Stingray also sponsors an annual Songs from the Heart competition for new and emerging songwriters. The Colleen Peterson Songwriting Award is presented to the winner of the competition.

==International==
===Americas===
Stingray Music is also carried in both the United States and the Caribbean via various television providers. Expansion began in 2009 with the addition of Stingray to various smaller market television providers in the U.S. and in 2010, Galaxie was added to WIV Cable TV in the Turks and Caicos as well as Trinidad and Tobago. In April 2011, Galaxie further expanded their reach in the US when American cable company Insight Communications chose Galaxie as their new radio provider to replace MTV Networks' defunct Urge service across their service area in Indiana, Kentucky, and Ohio. Galaxie further expanded into the Caribbean with the launch onto Jamaican television provider Telstar Cable. In October 2011, Galaxie was further added to more US television services. Galaxie furthered its expansion into the Caribbean and Latin American regions with its launch on various television providers in a number of different countries including St. Marteen, Costa Rica, Dominican Republic, Guatemala, and 10 others.
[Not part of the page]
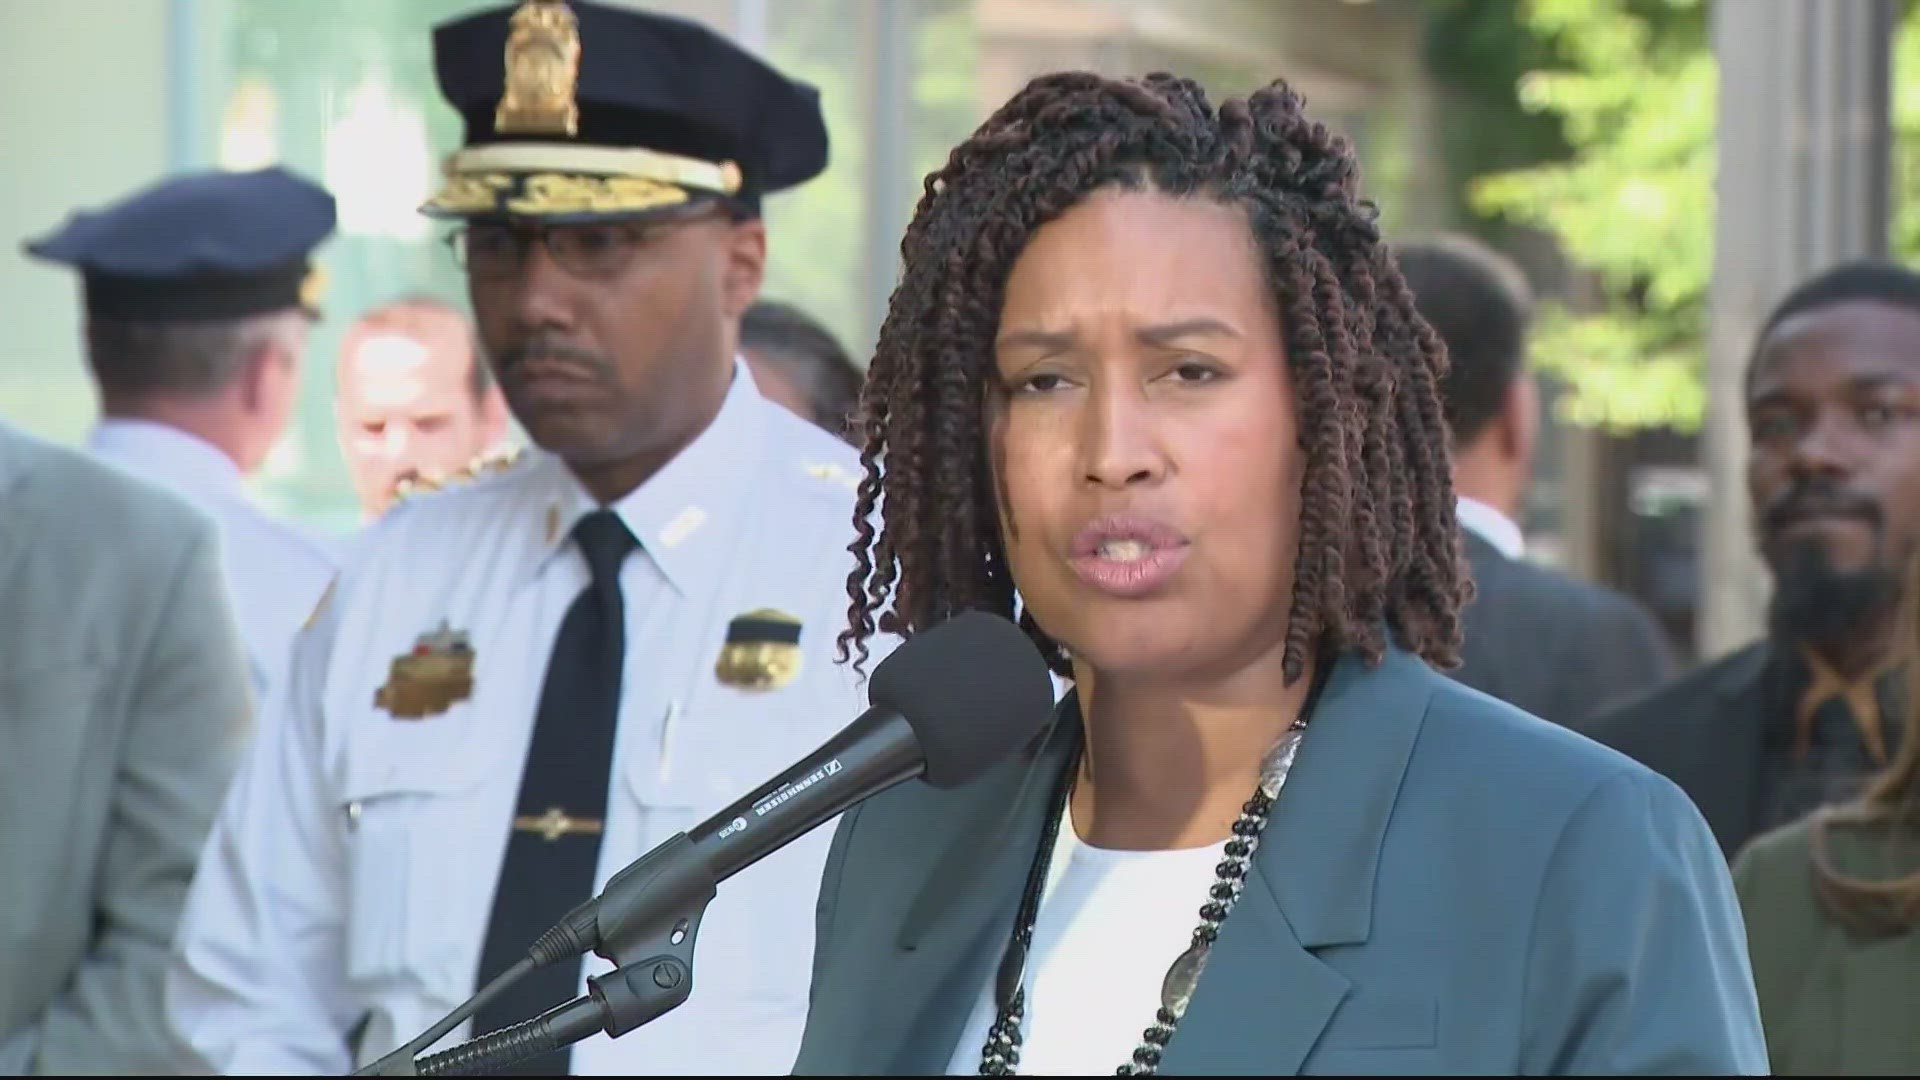 The new "Safer, Stronger DC" legislation comes a week after Bowser held a public safety summit to address rising crime rates.

On October 29, 2014, Stingray Music launched on AT&T U-verse, adding approximately six million subscribers. In December 2018, Altice USA reached an agreement with Stingray to replace its main rival, Music Choice, on its cable systems (including former Cablevision systems in New York City, and Suddenlink). At the same time, Stingray abandoned its bid to acquire Music Choice.

===Europe===

Stingray purchased the European operations of Music Choice in 2011, which rebranded as Stingray Music in April 2015.

In 2014, Stingray Digital acquired Dutch premium service XLnt Radio (along with Lite TV) from the Archibald Media Group.

===Oceania===
In Australia, Stingray partners with pay television provider Foxtel to offer a suite of audio channels under the name Foxtel Music via the latter's cable and satellite services. Foxtel subscribers also have access to the Stingray Music app, allowing users to stream the channels on their mobile device.

During 2022 Australia's 7 Network, through its 7 Plus internet suite of AV services, commenced free-to-air streaming of five 24/7 Stingray-branded video music channels comprising Qello Concerts (rock), dJazz (contemporary jazz), Karaoke, Classica (classical music) and Naturescape (featuring world nature video photography set to peaceful music).